Thanks to your great software and guides I have installed REW and have learned a lot.
I bought an ECM8000 mic and Xenyx502 as this set up has been recommended elswhere in this forum.
My problem is that I can't get the mic to work.
I Unplugged the mic and looked for a phantom voltage on pins of the xlr conector - there is nothing.
Can anyone tell me :-
Are there two versions of the Xenyx502? One with phantom supply and one without or is my test telling us nothing?
Thanks in advanced


----------



## SAC (Dec 3, 2009)

Xenyx502 Manual p.8

You have to turn phantom power on.


----------



## EarlK (Jan 1, 2010)

> Are there two versions of the Xenyx502? One with phantom supply and one without ?

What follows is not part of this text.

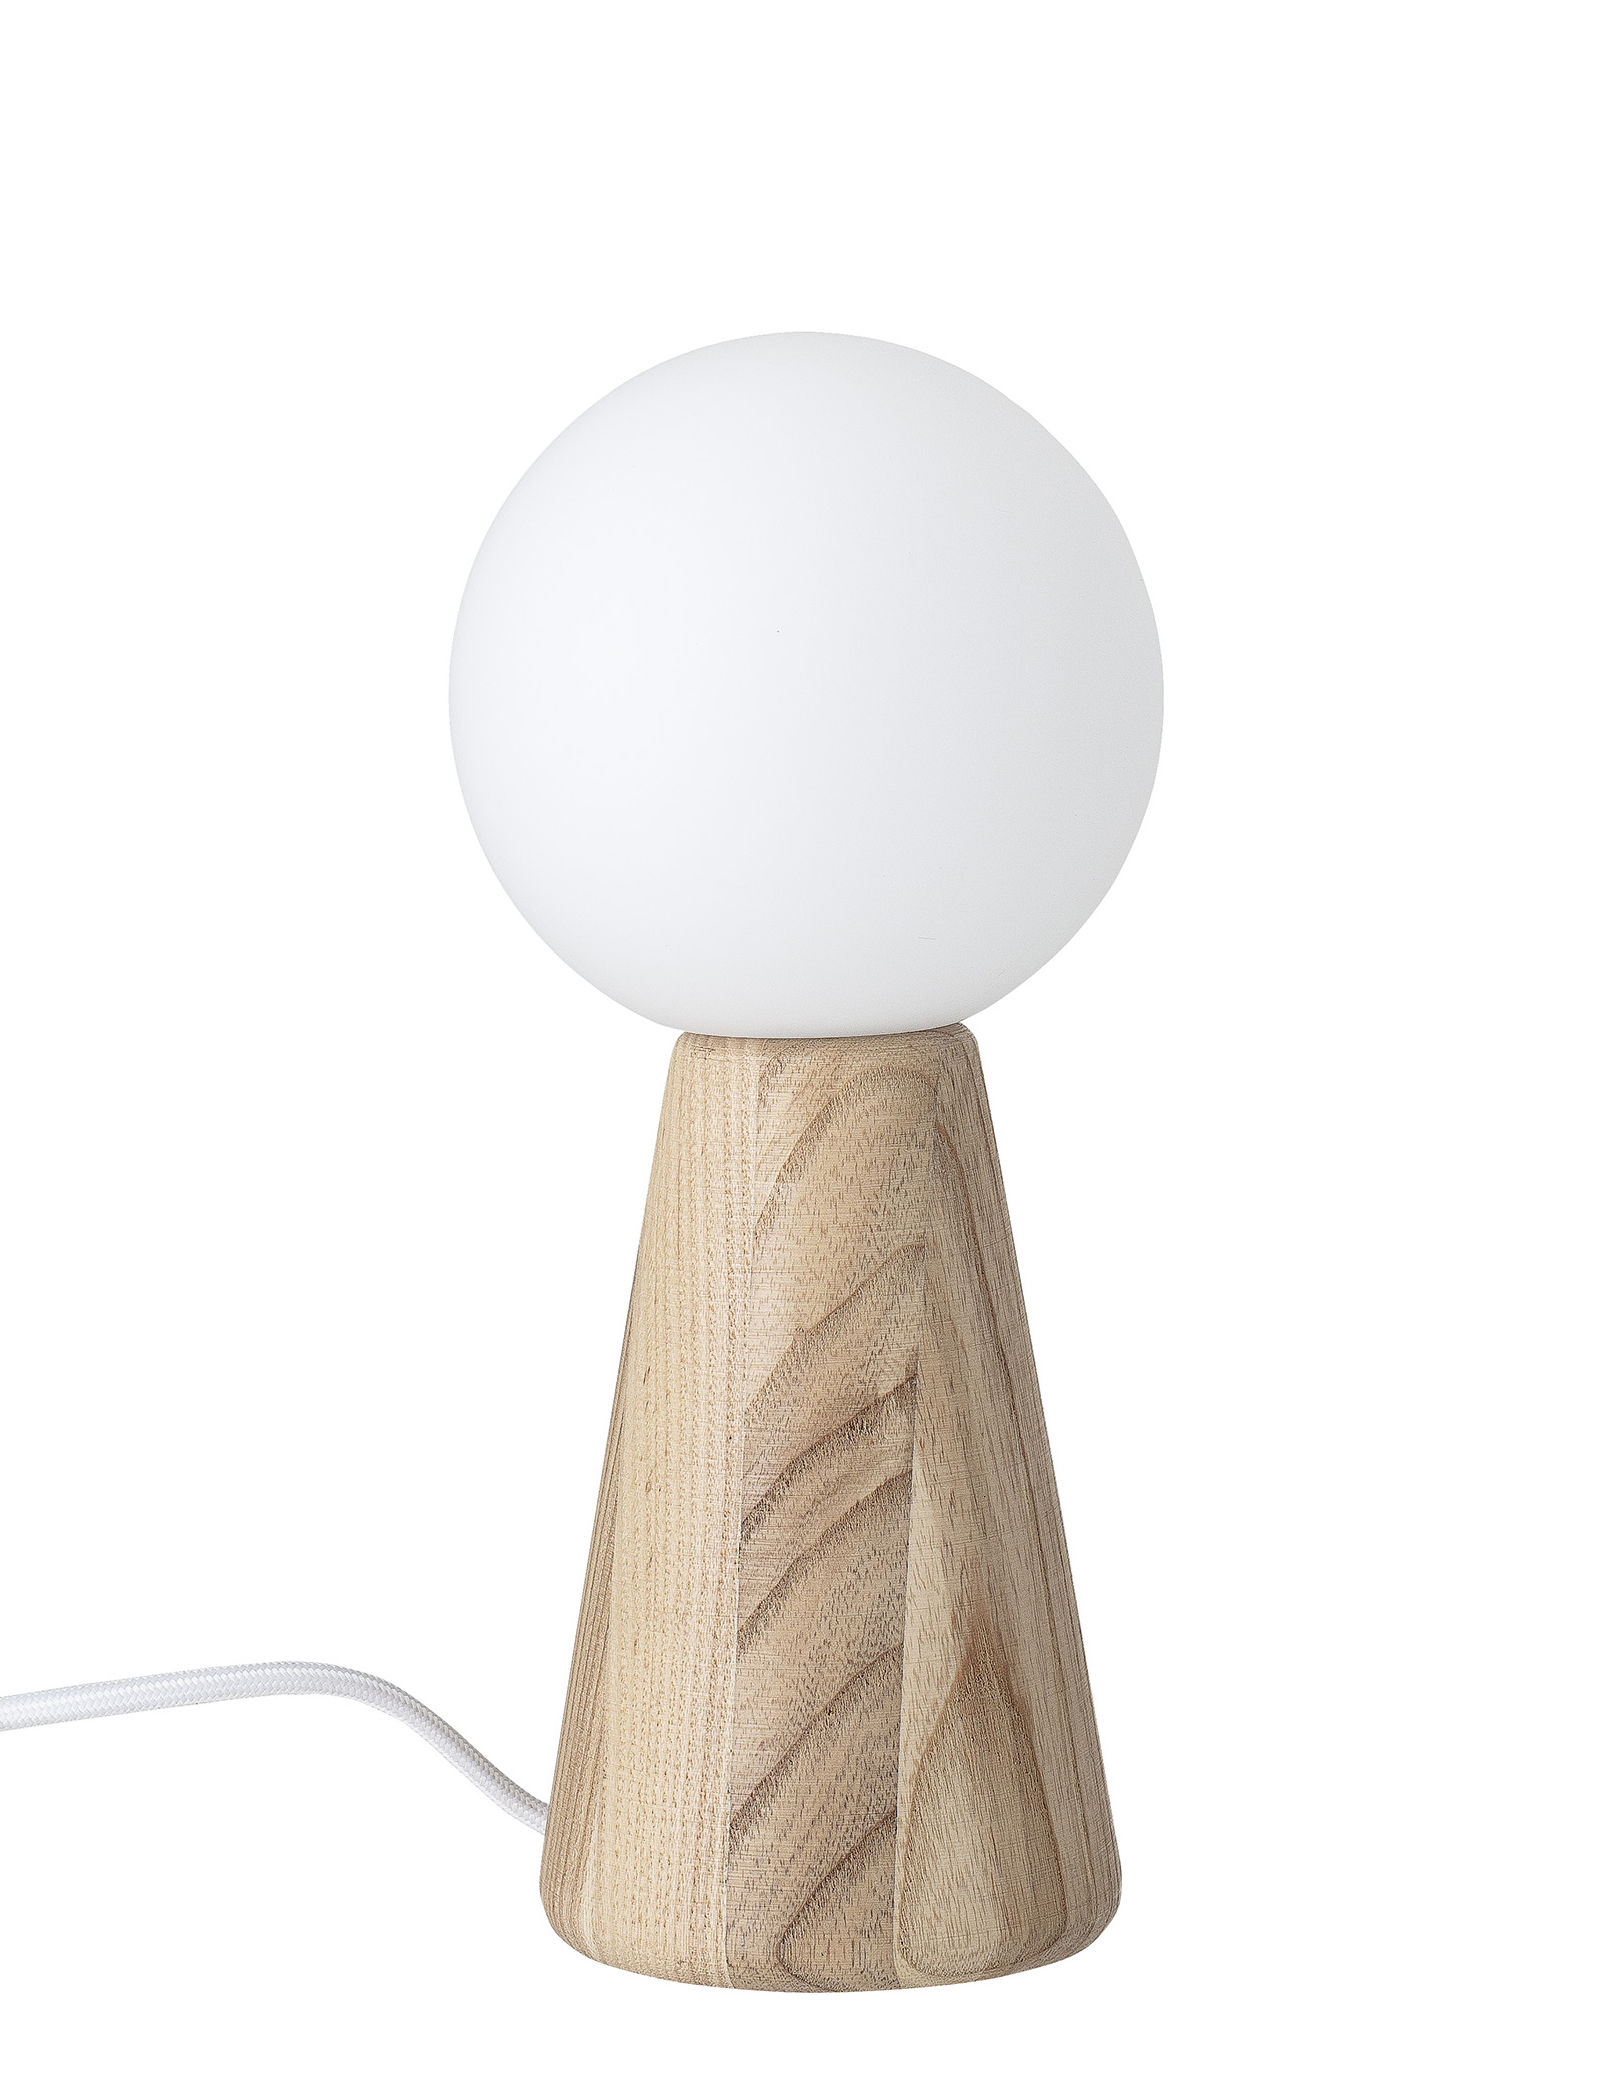 Luminaire - Lampes de table - Lampe de table / Bois - Bloomingville - Frêne naturel - Frêne, Verre opalin

- Yes, the older 502 didn't have phantom power . 
- If you bought yours new recently, take it back & exchange it for more current product ( you must have gotten old stock ) .
- To the best of my knowledge, there's no visual difference between the old & new .

<> EarlK


----------



## imazed (Nov 30, 2010)

There is no Switch to turn it on!


----------



## imazed (Nov 30, 2010)

Earl,
Thanks, very helpful. Unfortunately cannot return it as I have had it for over a year.
At least I won't waste time trying to get it working. I will source another Phantom supply.
Thanks again


----------



## SAC (Dec 3, 2009)

Quite frankly, all of the phantom power modules of which I am aware cost more than a _new _Xenyx502.

Buy a new unit and try to turn this one over on EBay or Craigslist.


----------



## imazed (Nov 30, 2010)

Thanks , I had just about come to the same conclusion so I will take your advice.


----------